Retype word for word the stretch of entries below from the line that has "graffiti Berlin wall" through the line that has "Миниатюрная футболка с", and omit the pictures.

* **RECORDS SHOWN**
════════════════════
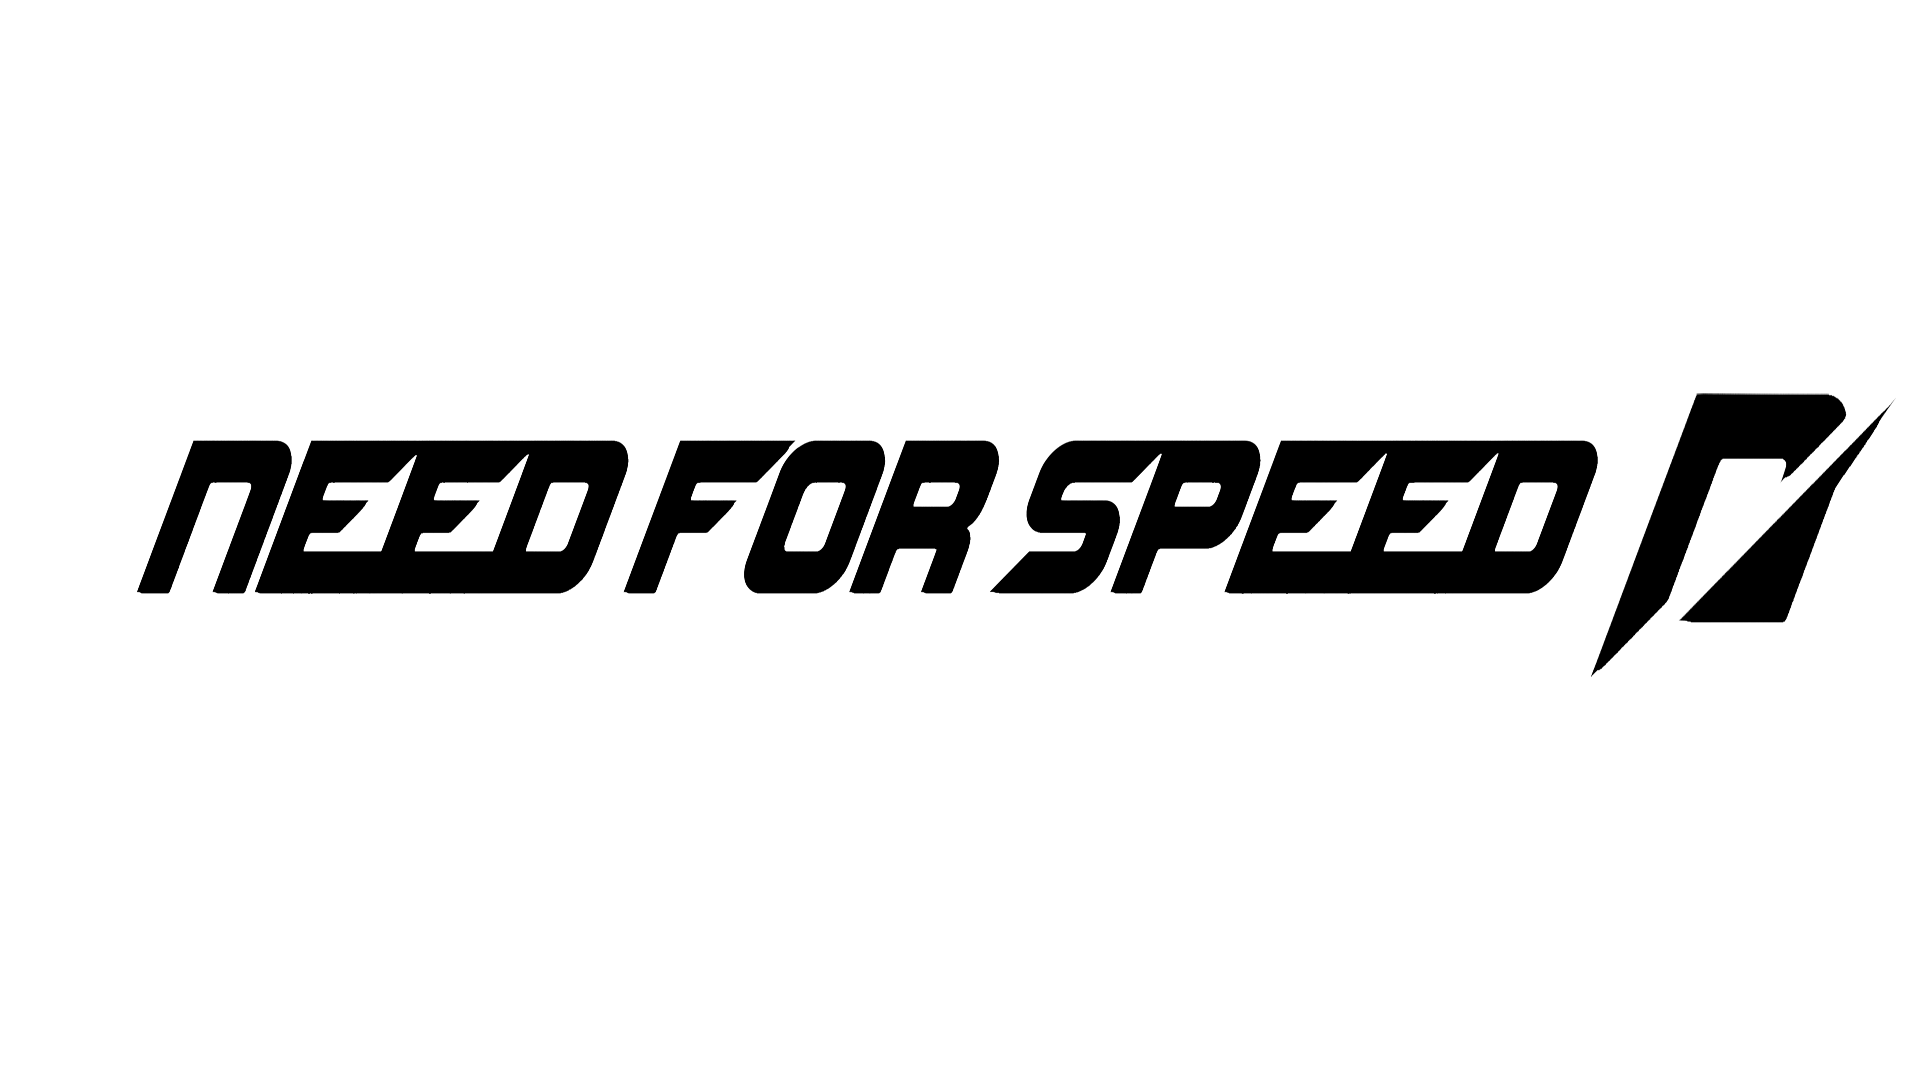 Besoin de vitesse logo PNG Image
════════════════════
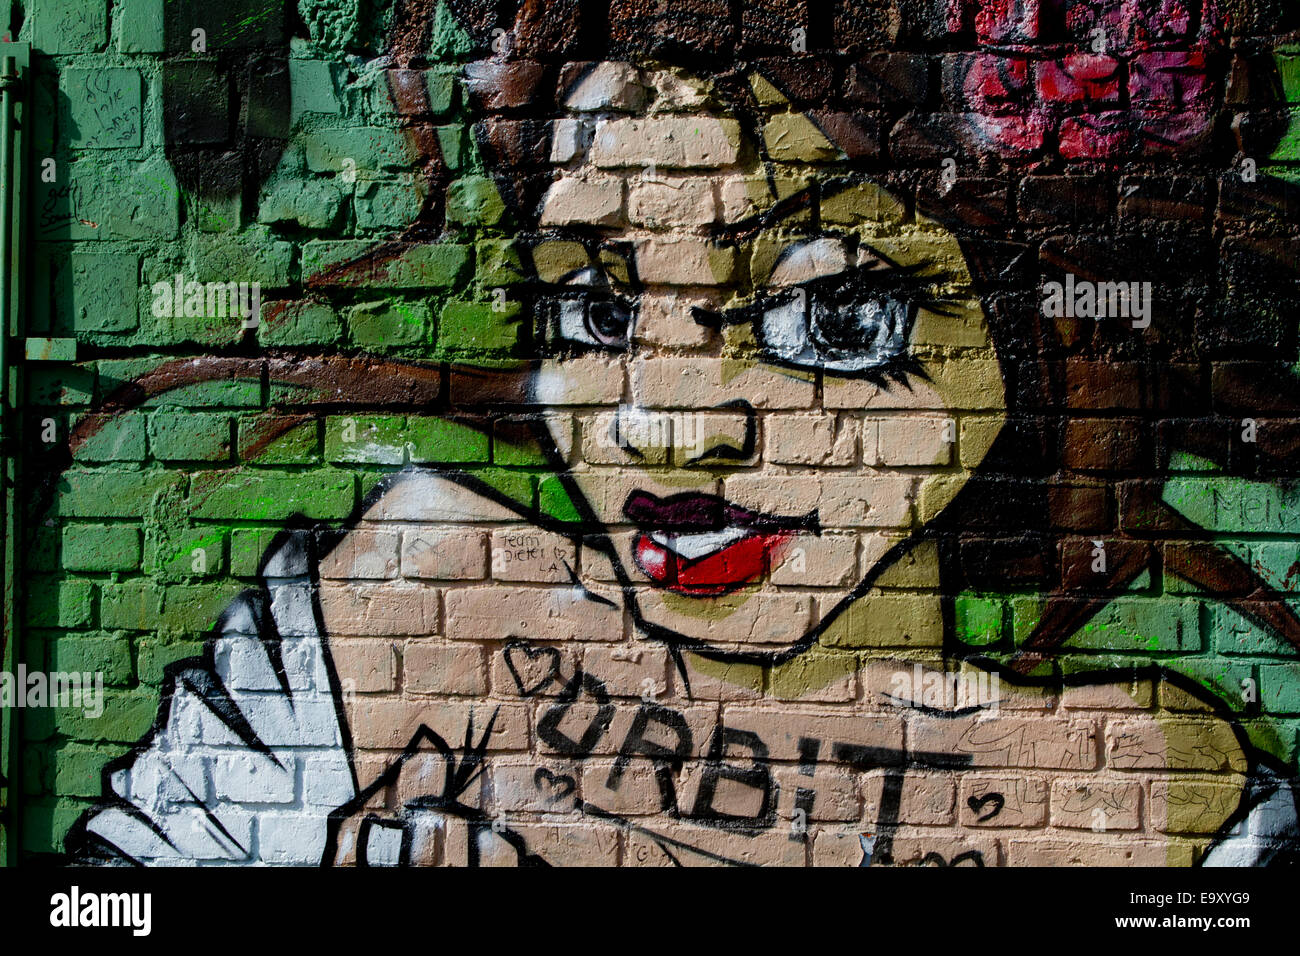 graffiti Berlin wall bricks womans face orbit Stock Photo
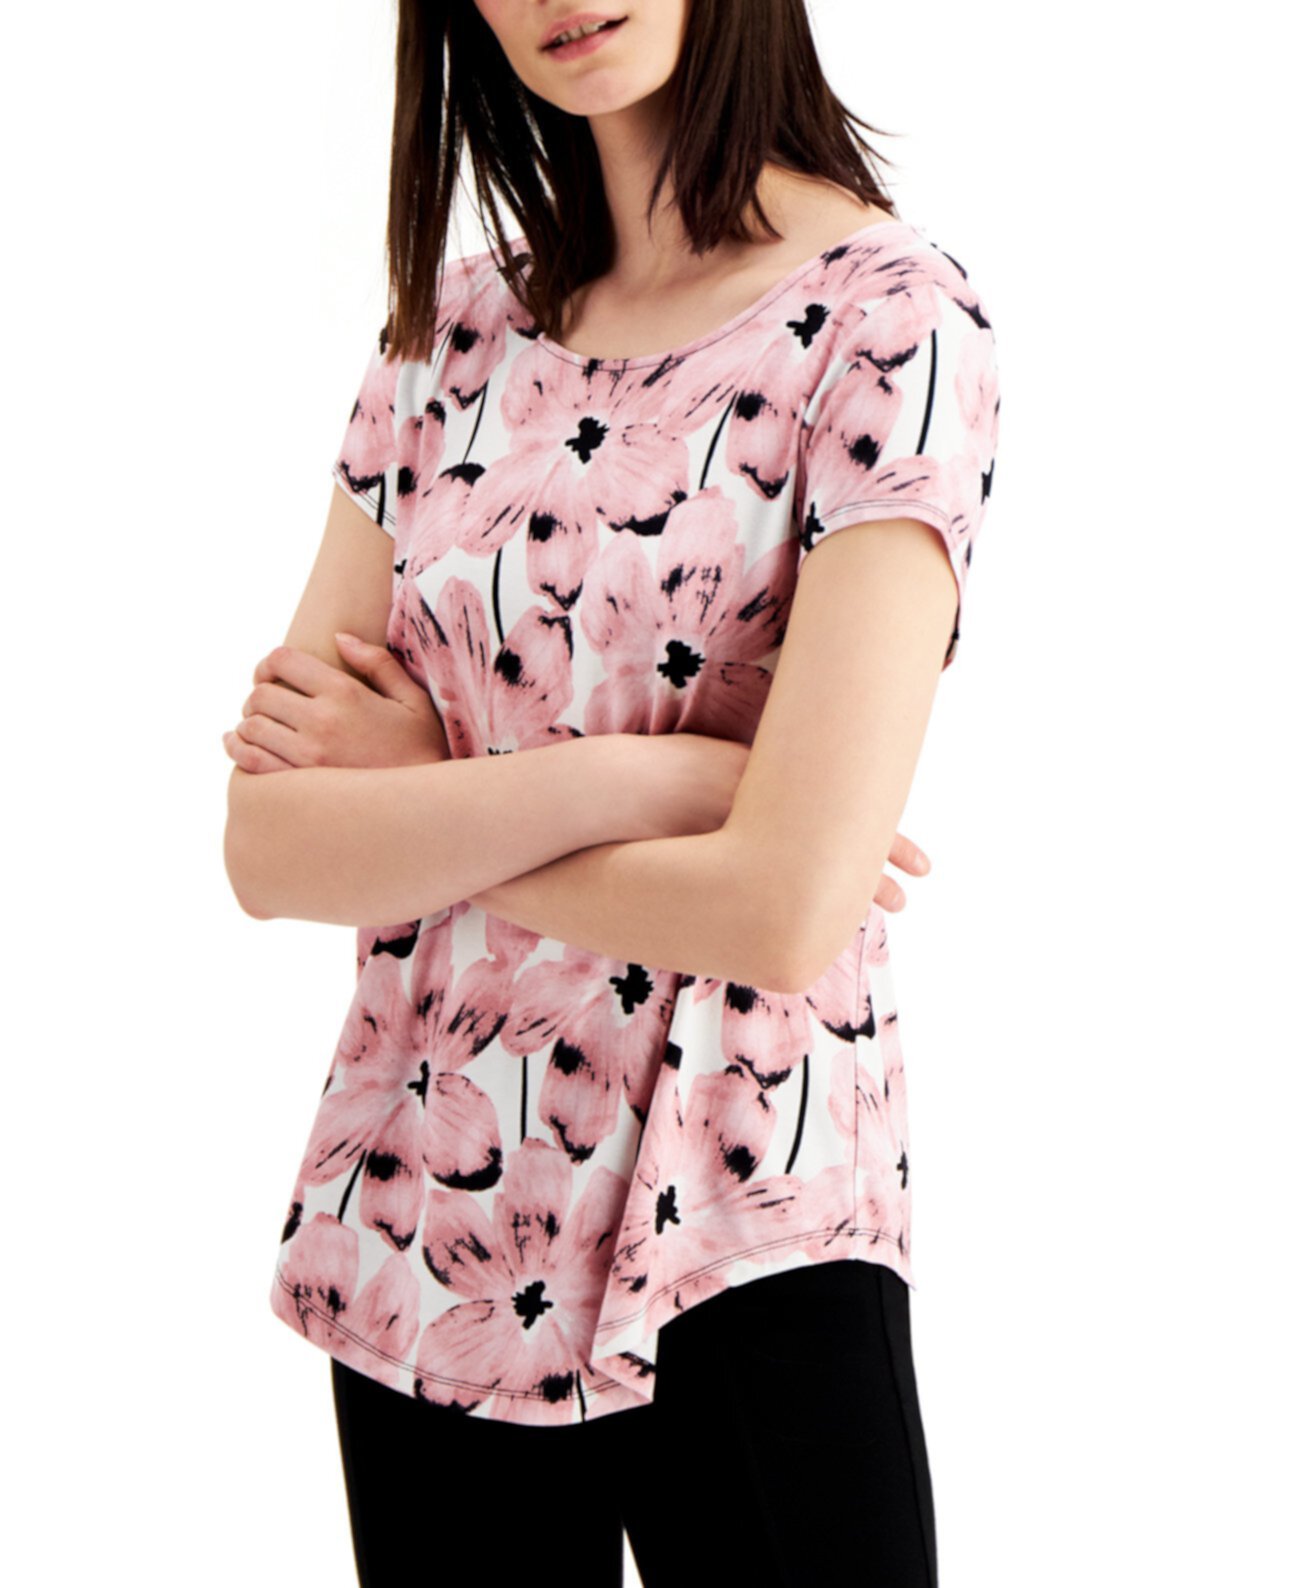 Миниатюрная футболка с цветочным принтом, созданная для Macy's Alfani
════════════════════
* **TASK RESPONSE**
 graffiti Berlin wall bricks womans face orbit Stock Photo
 Миниатюрная футболка с цветочным принтом, созданная для Macy's Alfani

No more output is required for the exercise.